Some products offer automation capability, especially in the ingestion of data, both known and new data sources. This is extremely important in keeping up with the data flood. But is it necessary and sufficient for something to be called a data catalog? Some products are more manual in their metadata ingestion. Are they still data catalogs?

I was also discounting various open-source technologies, simply because they don’t offer the robust suite of ML, automation, and add-on functionality that the main COTS tools provide. But if the definition of a data catalog is simply a “card catalog for data” or data inventory, then some of them would qualify. I confess to being drawn in by the “bright and shiny things” that fully functioning products provide. It’s funny, I am critical of others that do this, to get distracted with some awesome feature whether or not they really need it.

However, in working with various clients, sometimes all they want is a very simple card catalog. There may be various security constraints in place that prohibit some of the advanced features from being used. Therefore, I believe it is important to distinguish what functional categories are important to the organization.

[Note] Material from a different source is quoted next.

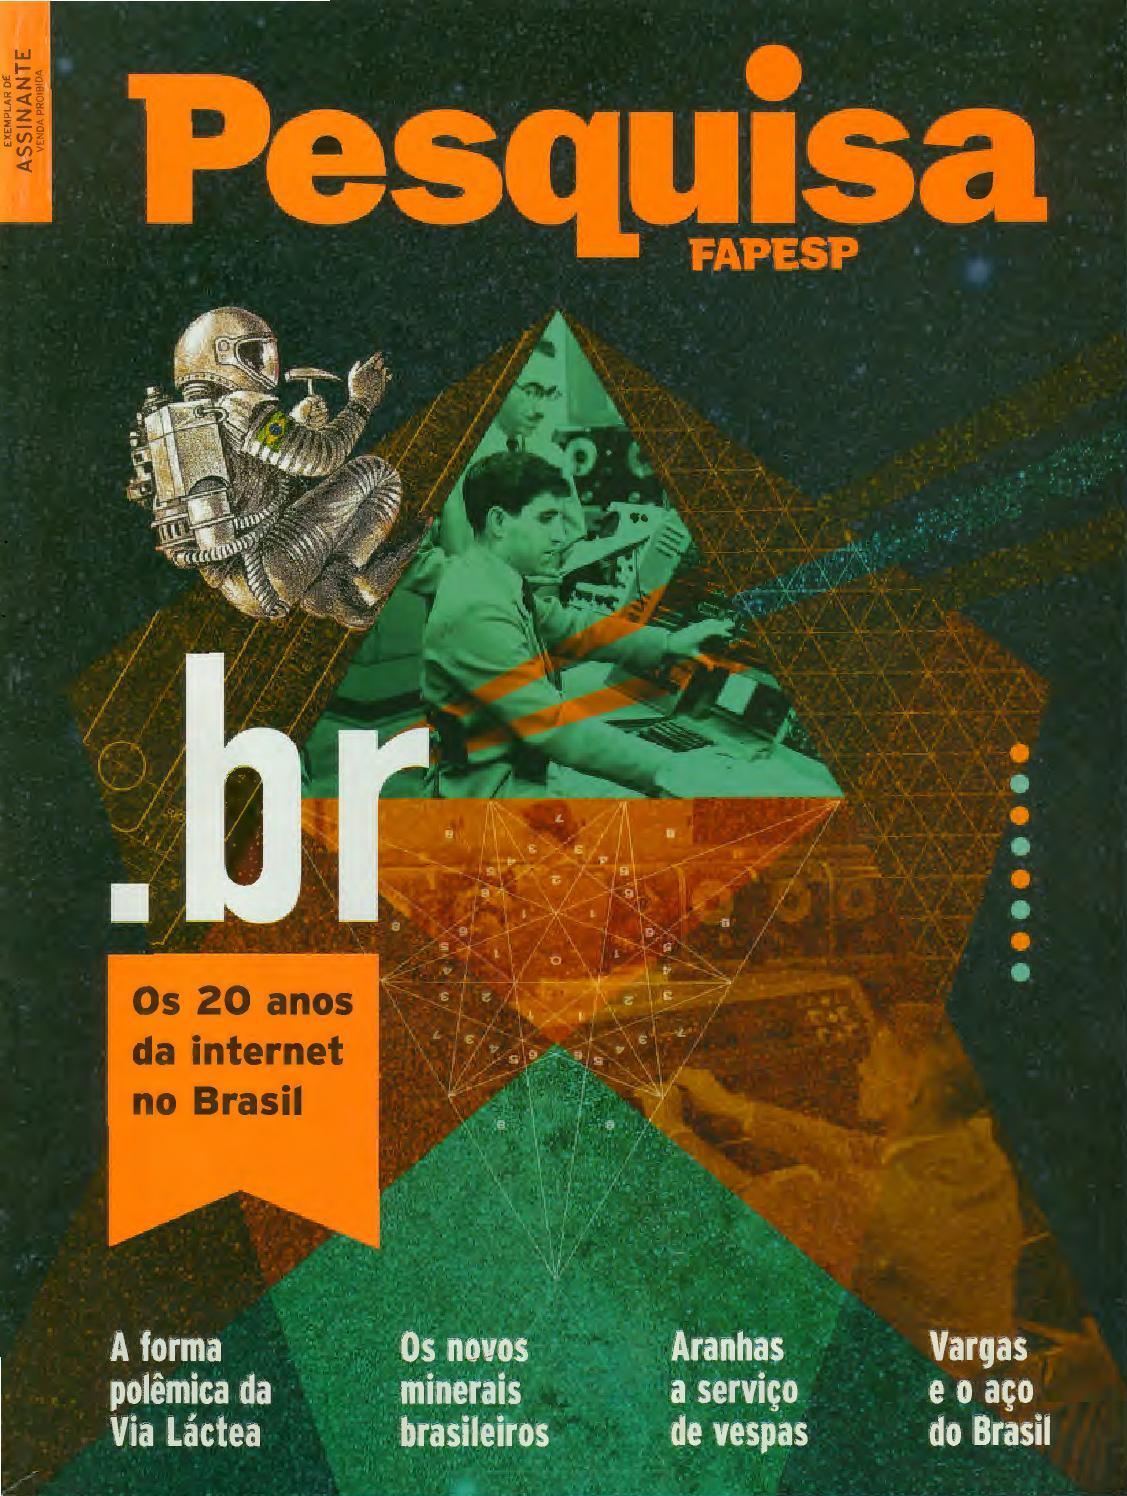 7ec62d7782aa5 Os 20 anos da internet no Brasil by Pesquisa Fapesp - issuu
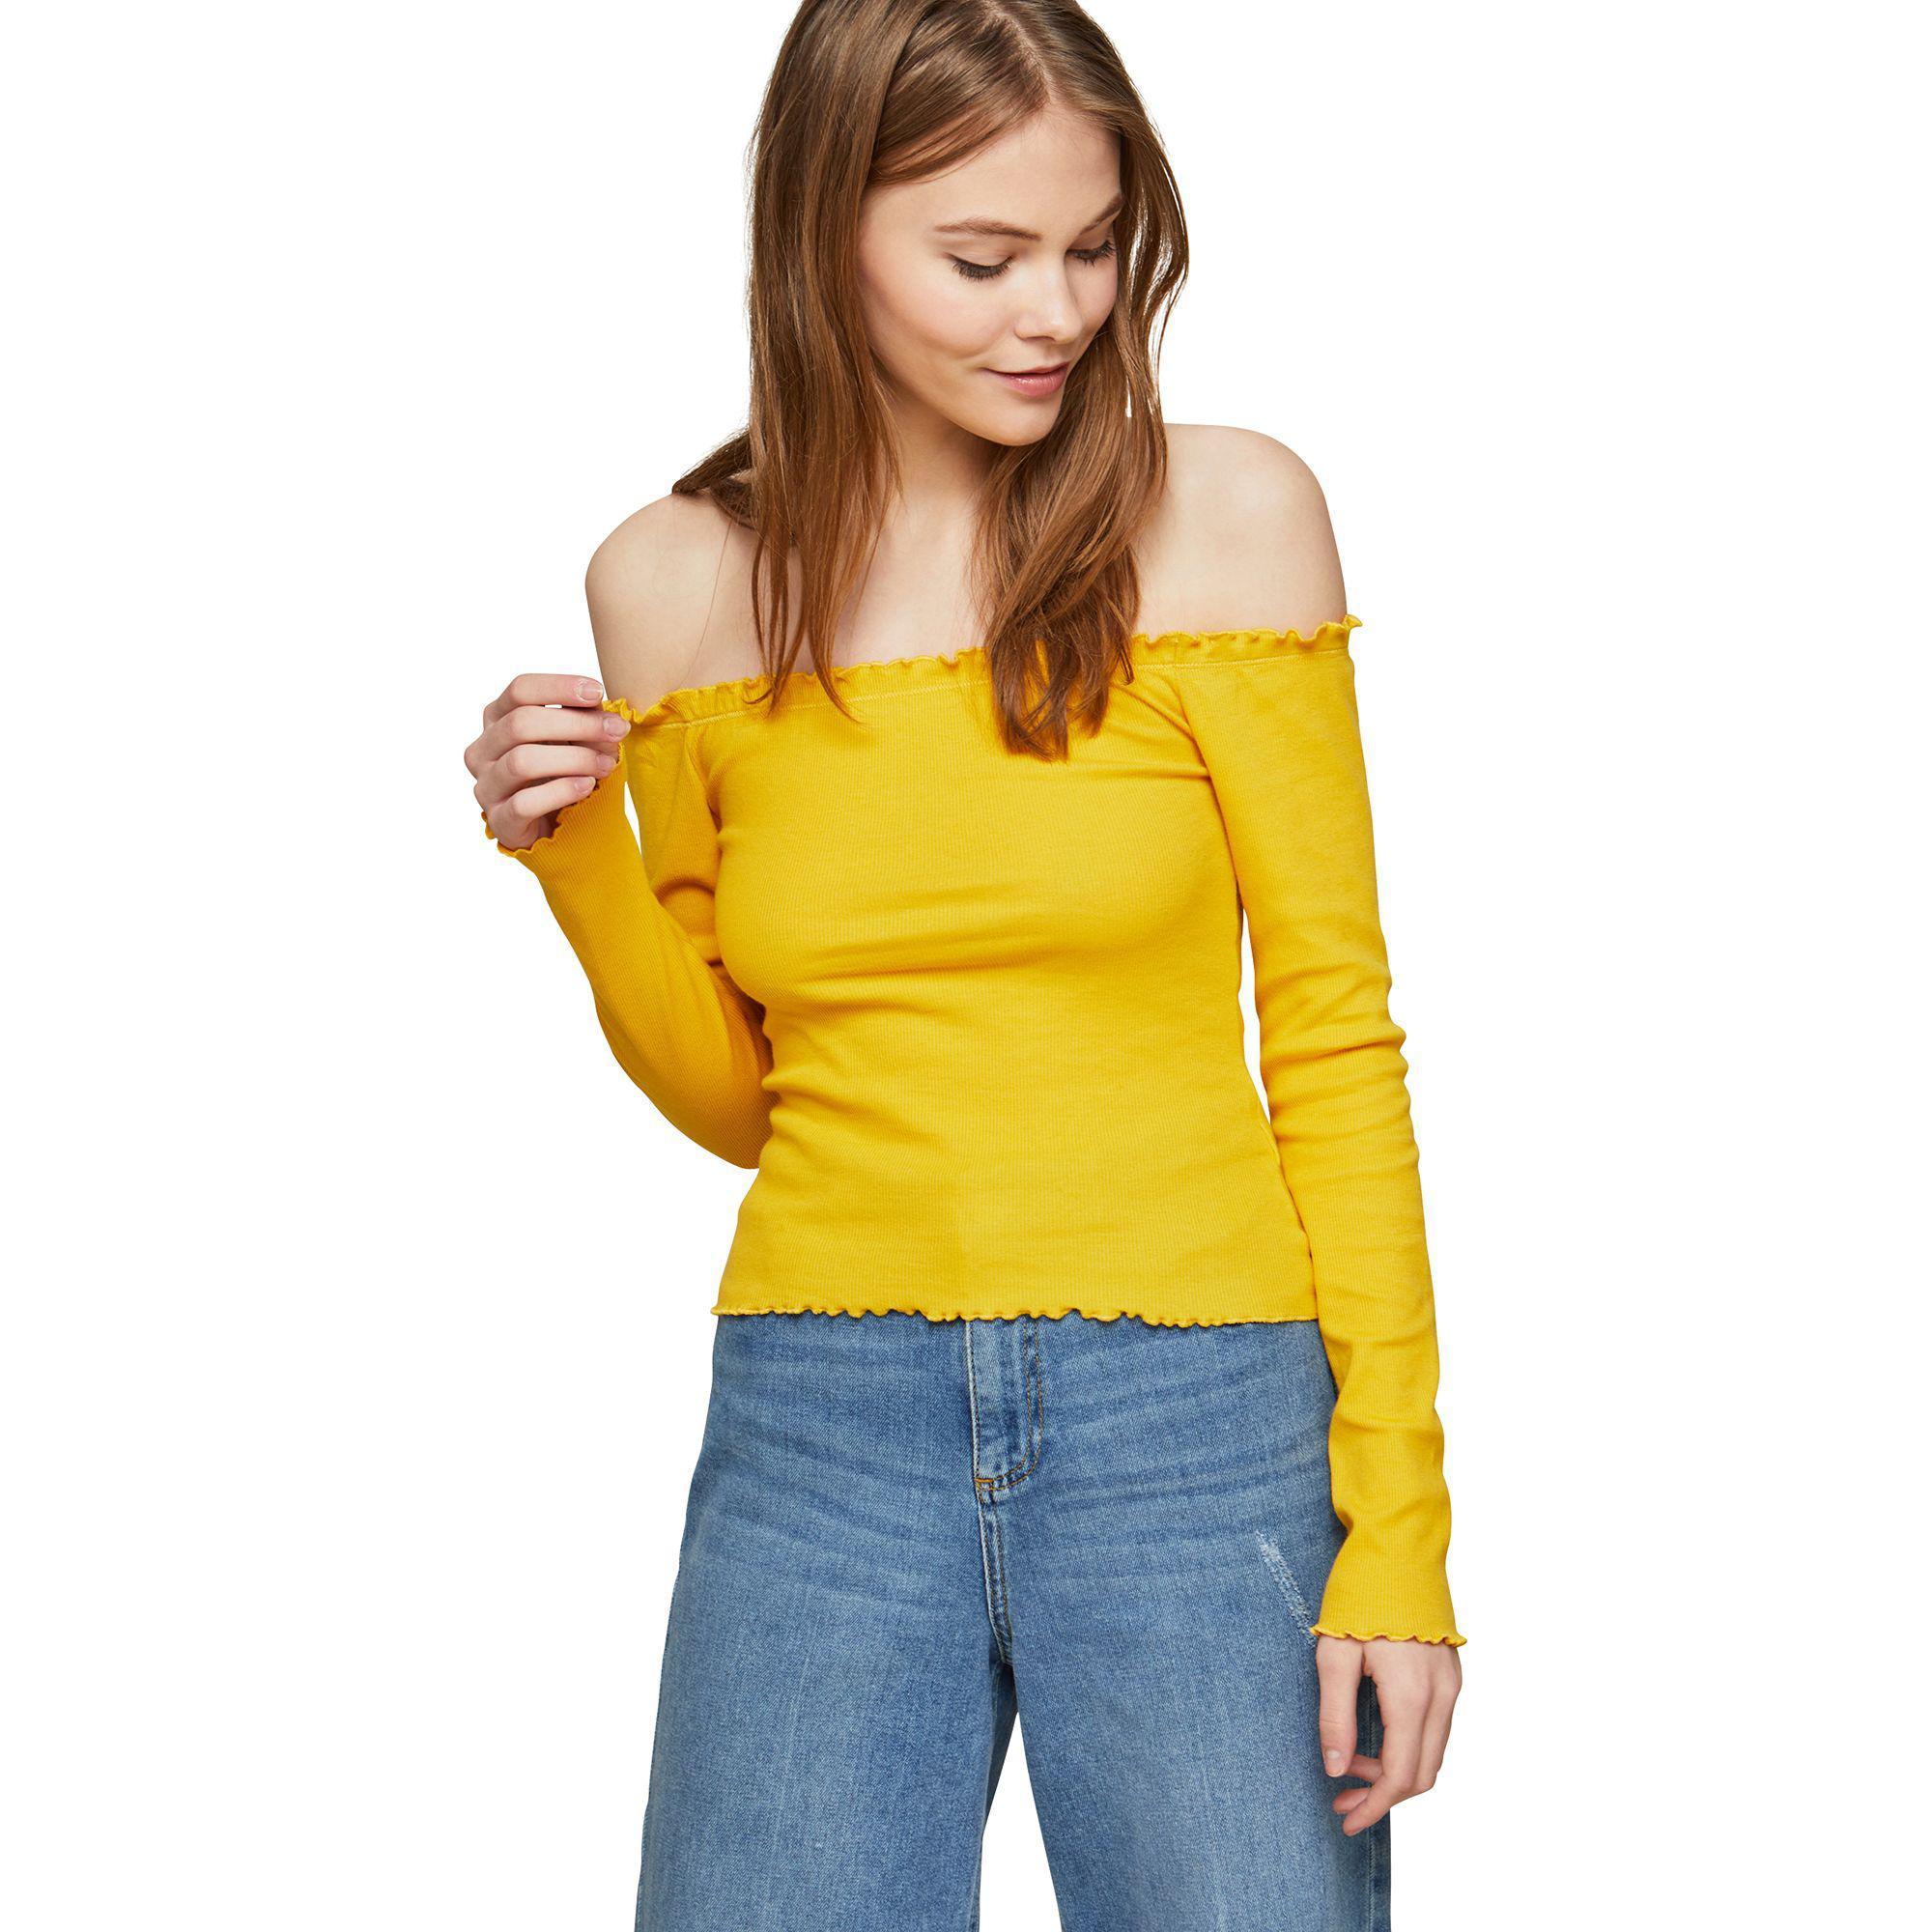 1f2394bd8c5 Miss Selfridge Long Sleeve Lettuce Bardot Top in Yellow - Lyst

Some products—perhaps most products—are geared especially around a specific type of function or use case. Many times, the catalog product representatives are quick to stress this. For example:

If the main problem you want to solve is data governance, then Collibra might be a good choice. Collibra solves most use cases with a variety of governance workflows, even when you wouldn’t think the problem is governance-related. If you want open source, Truedat is a possibility.
If the main challenge you have is data preparation and you want to make it easier for your data analysts, Boomi (formerly known as Unifi) is an option.
If the main thing is creating an environment for your data scientists, and they already use Watson Studio, then IBM is a fabulous choice. It creates a “data fabric” environment for data scientists.
If you want to understand the data in your data lake and you have enormous volumes of data coming in at a rapid pace and you can’t keep up with it with typical data governance, then use Hitachi Ventara Lumada.
When you want an all-purpose data management platform, Informatica is great.
When you want a nice machine learning-augmented data catalog, you don’t have a lot of resources, and you want to stand it up immediately, Alation fits the bill.
If you don’t have a lot of investment dollars but have several developers, and all you want is a simple card catalog, you don’t need other features such as reference data management, business glossary etc. and you have a lot of security concerns, open-source products like CKAN may work fine.
If your analysts are frequently looking for data and the data sets are large, field names don’t usually make sense (like IoT and system-generated data) and there’s no data dictionary, you want a product that does data profiling on the entire data set and not a sample. Several products can do this.

You get the idea.

The interesting thing that I’ve found is when I have helped my clients find a product, I often look at the products with my own data analyst background. It is like looking through sunglasses or colored glasses. If you have rose-tinted glasses everything looks rosy! It’s like the hammer/nail problem. If you are a hammer, everything’s a nail. If you have in the past solved things with data profiling, and data profiling is a critical functionality for the work you have done over the years, then it is a critical feature for you. For example, I used to engineer data warehouses. We had to look at a data profile and tell what was going on with the data before we wrote the ETL. Data profiling helped stop the “Load, Code & Explode” problem. However, what I’ve found is that some need this level of understanding, but not all do. I must delve into what their needs really are in order to ferret out their actual requirements. I have to understand the limits of my own bias. Sometimes my bias is very helpful, if is a concern to the client. But sometimes it can get in the way.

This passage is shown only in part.